- EXERCISE REQUIREMENTS -
Begin with the line below holding "BMW 4 SERIES" and go on through the line holding "Contemporary Coffee Table", duplicating each line exactly and leaving out pictures.

- EXCERPTED RECORDS -
● ● ● ● ● ● ●

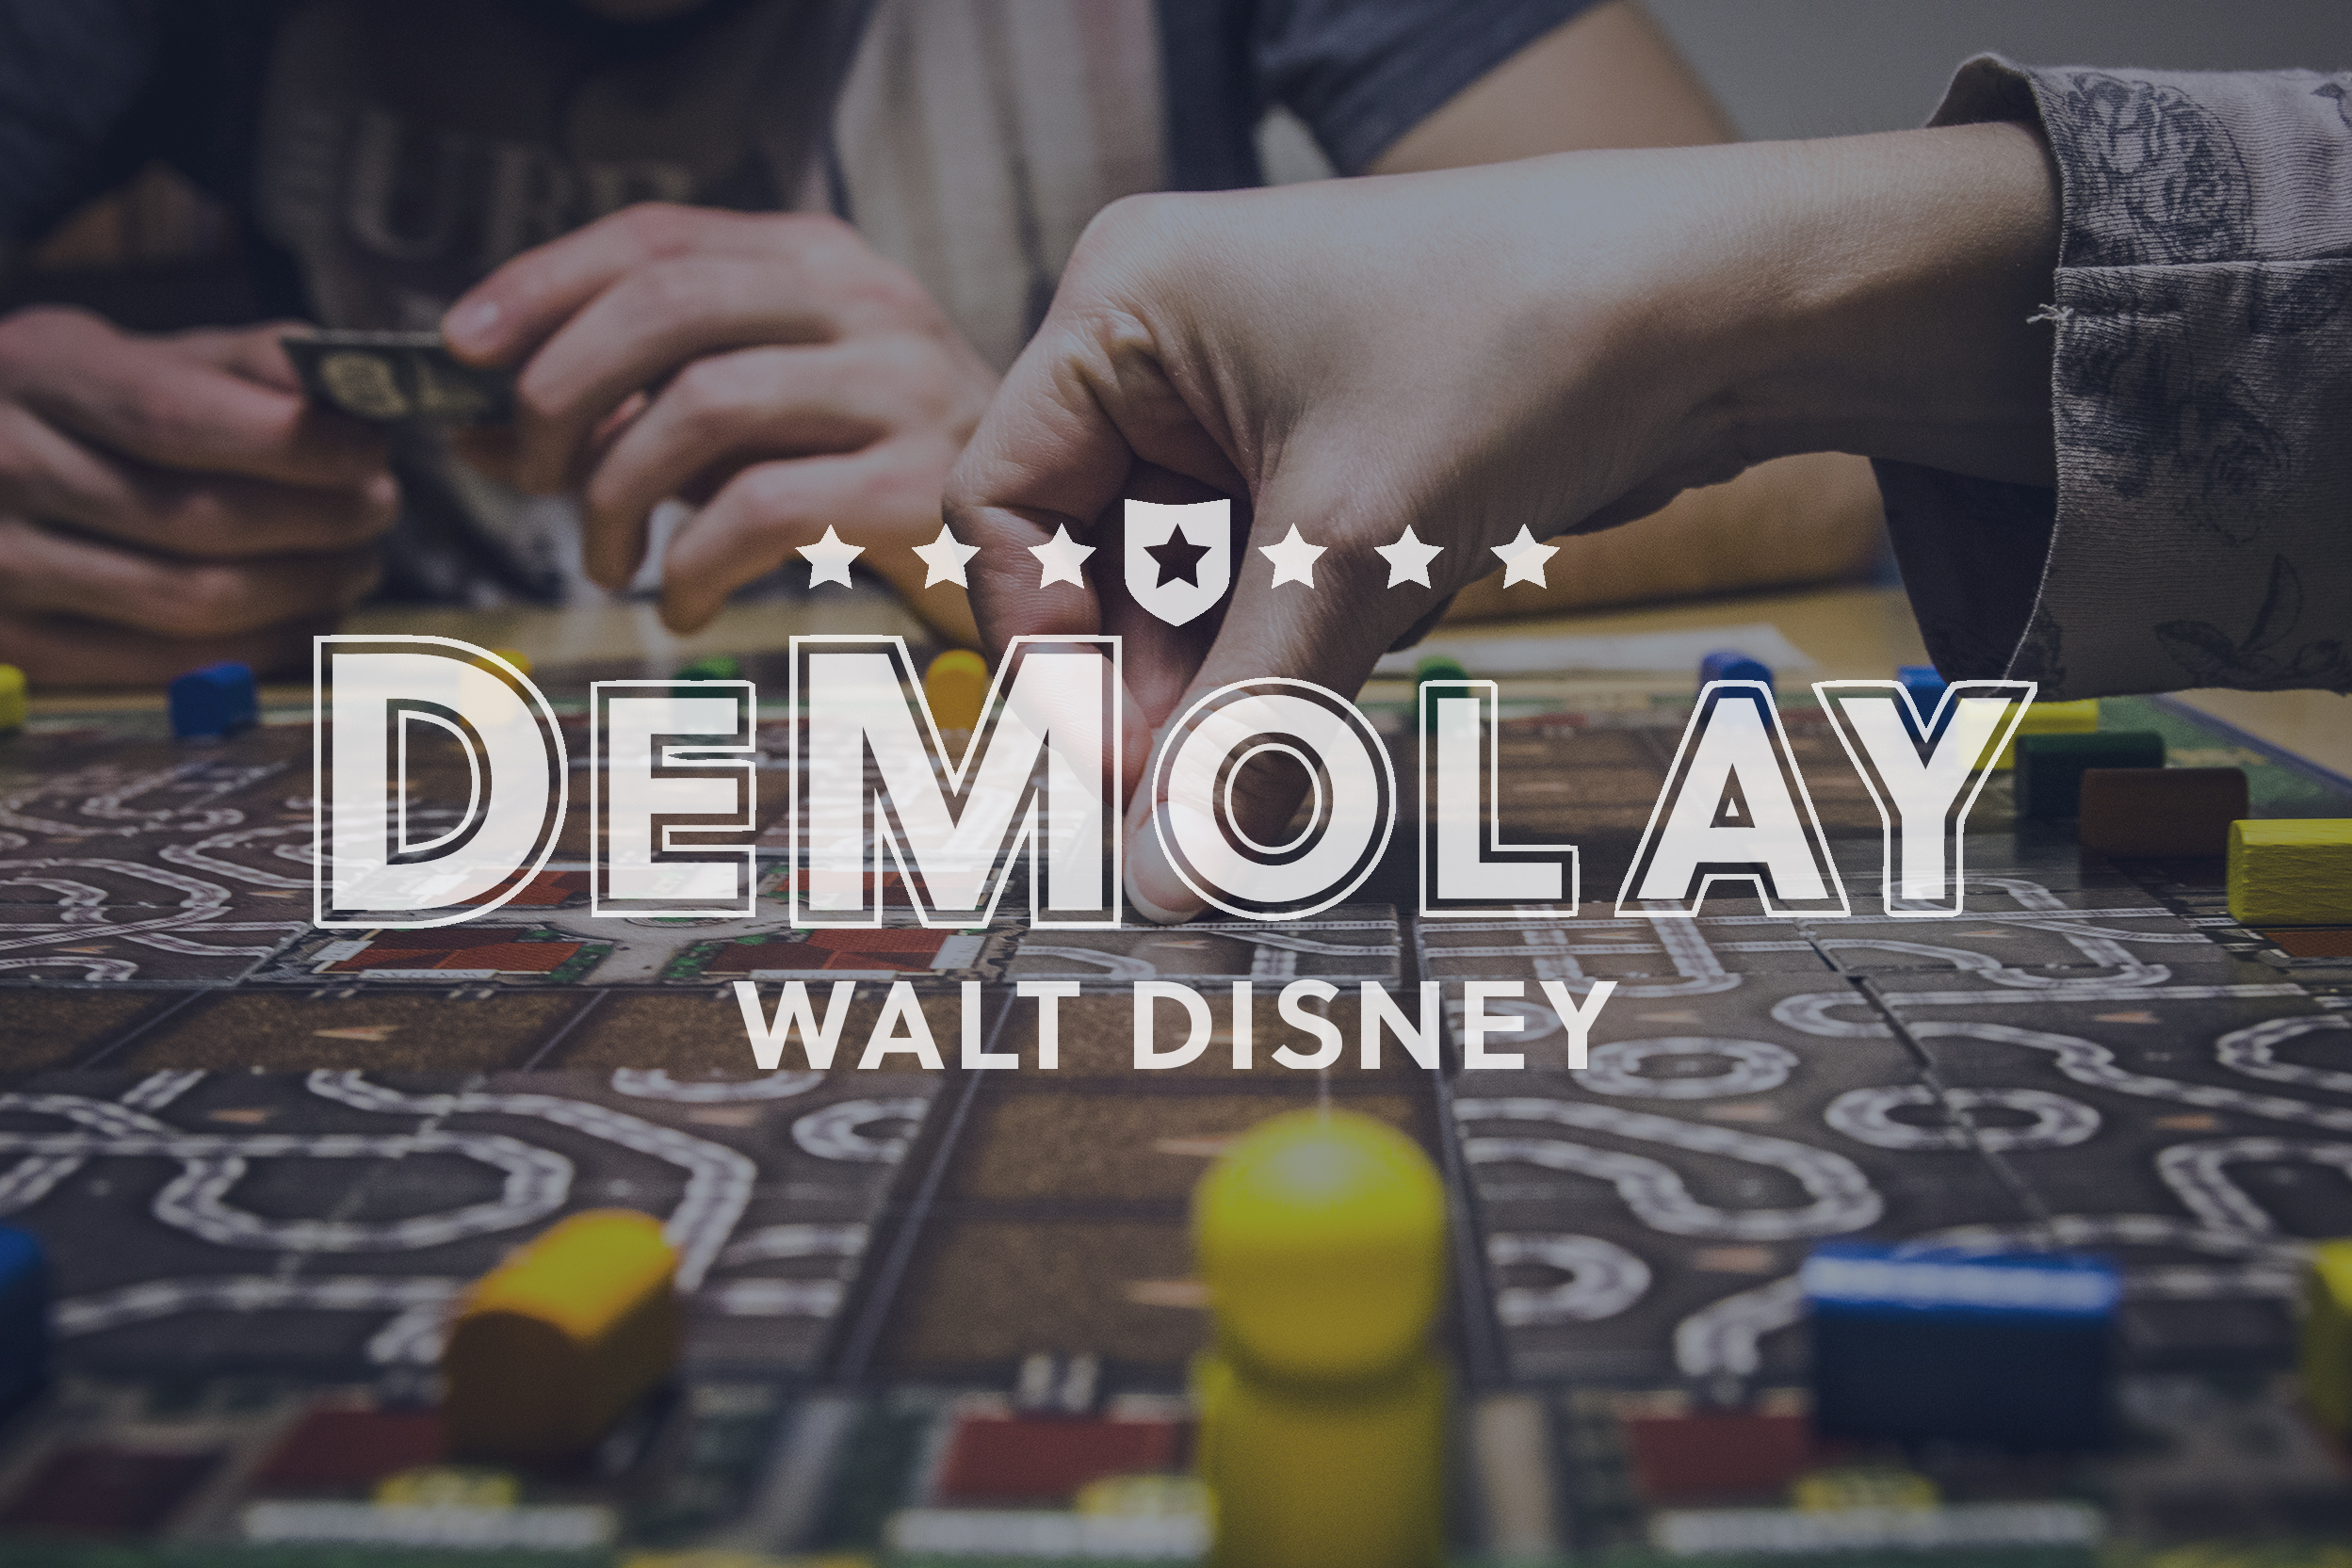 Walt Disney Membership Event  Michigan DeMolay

● ● ● ● ● ● ●

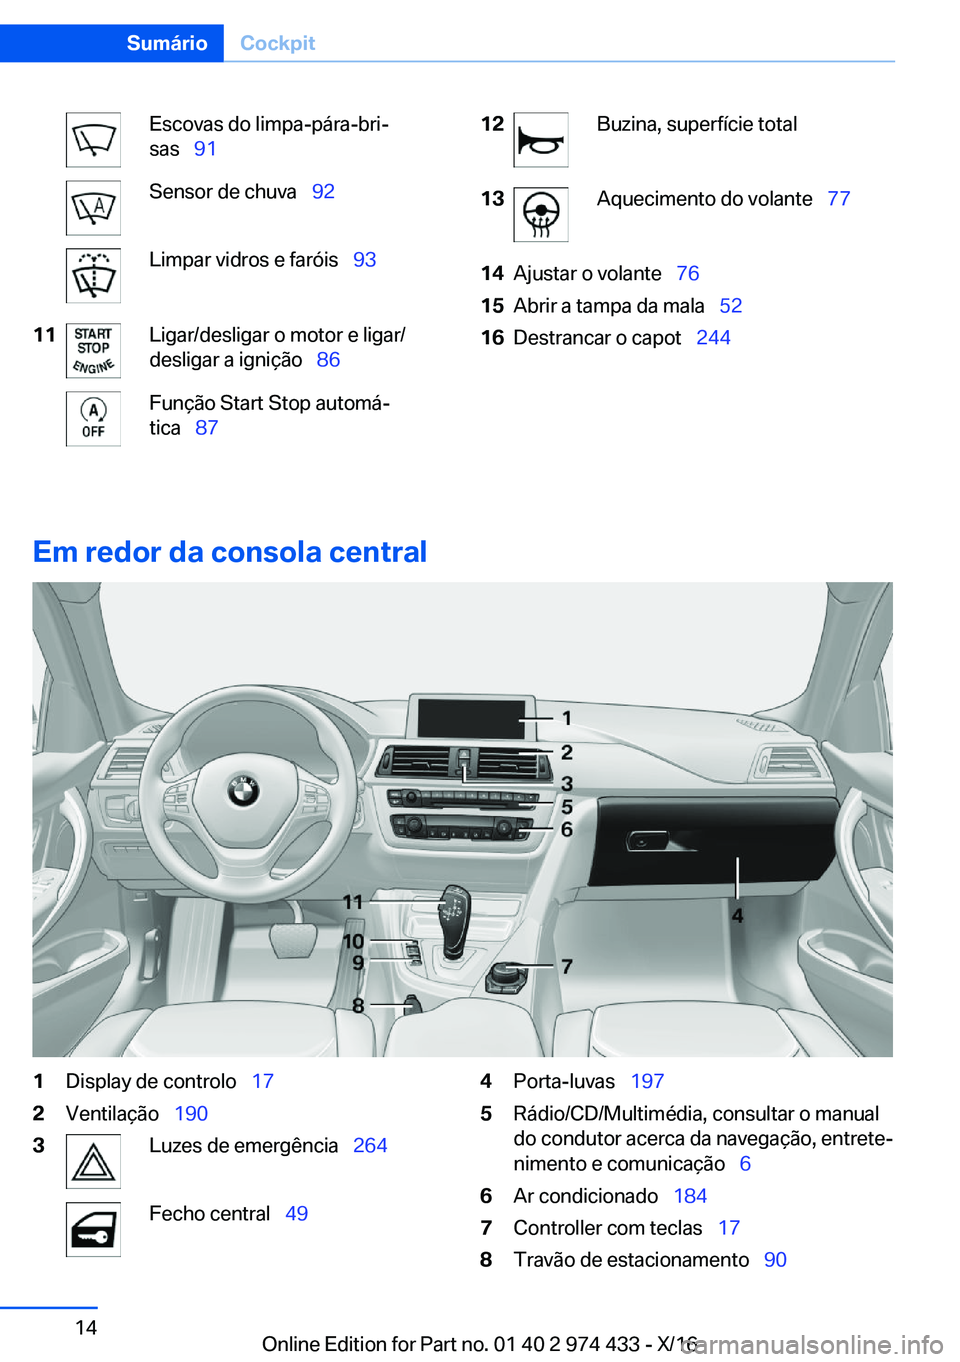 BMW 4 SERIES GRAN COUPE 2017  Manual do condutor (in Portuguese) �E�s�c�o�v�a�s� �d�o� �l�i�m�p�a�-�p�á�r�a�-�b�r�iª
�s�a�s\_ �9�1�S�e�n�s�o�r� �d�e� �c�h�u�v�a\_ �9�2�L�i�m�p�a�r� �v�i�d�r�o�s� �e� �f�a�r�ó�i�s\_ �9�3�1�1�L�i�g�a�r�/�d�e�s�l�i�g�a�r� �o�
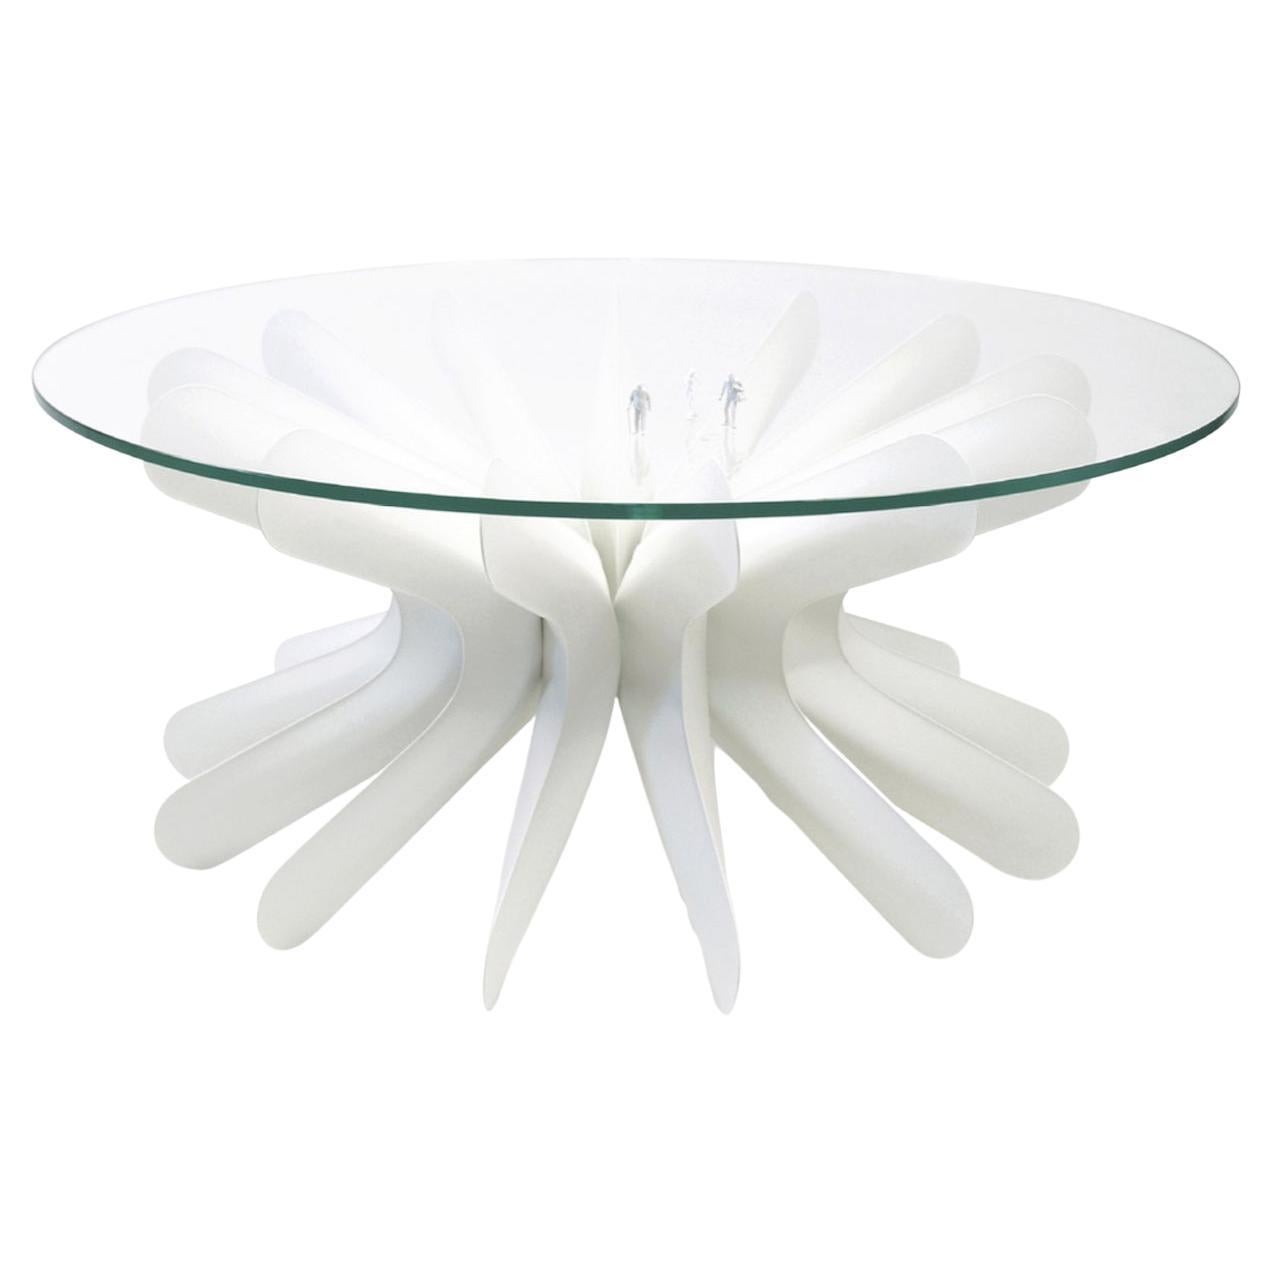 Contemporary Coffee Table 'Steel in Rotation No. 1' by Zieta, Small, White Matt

● ● ● ● ● ● ●

- ANSWER BELOW -
 BMW 4 SERIES GRAN COUPE 2017  Manual do condutor (in Portuguese) �E�s�c�o�v�a�s� �d�o� �l�i�m�p�a�-�p�á�r�a�-�b�r�iª
�s�a�s\_ �9�1�S�e�n�s�o�r� �d�e� �c�h�u�v�a\_ �9�2�L�i�m�p�a�r� �v�i�d�r�o�s� �e� �f�a�r�ó�i�s\_ �9�3�1�1�L�i�g�a�r�/�d�e�s�l�i�g�a�r� �o�
 Contemporary Coffee Table 'Steel in Rotation No. 1' by Zieta, Small, White Matt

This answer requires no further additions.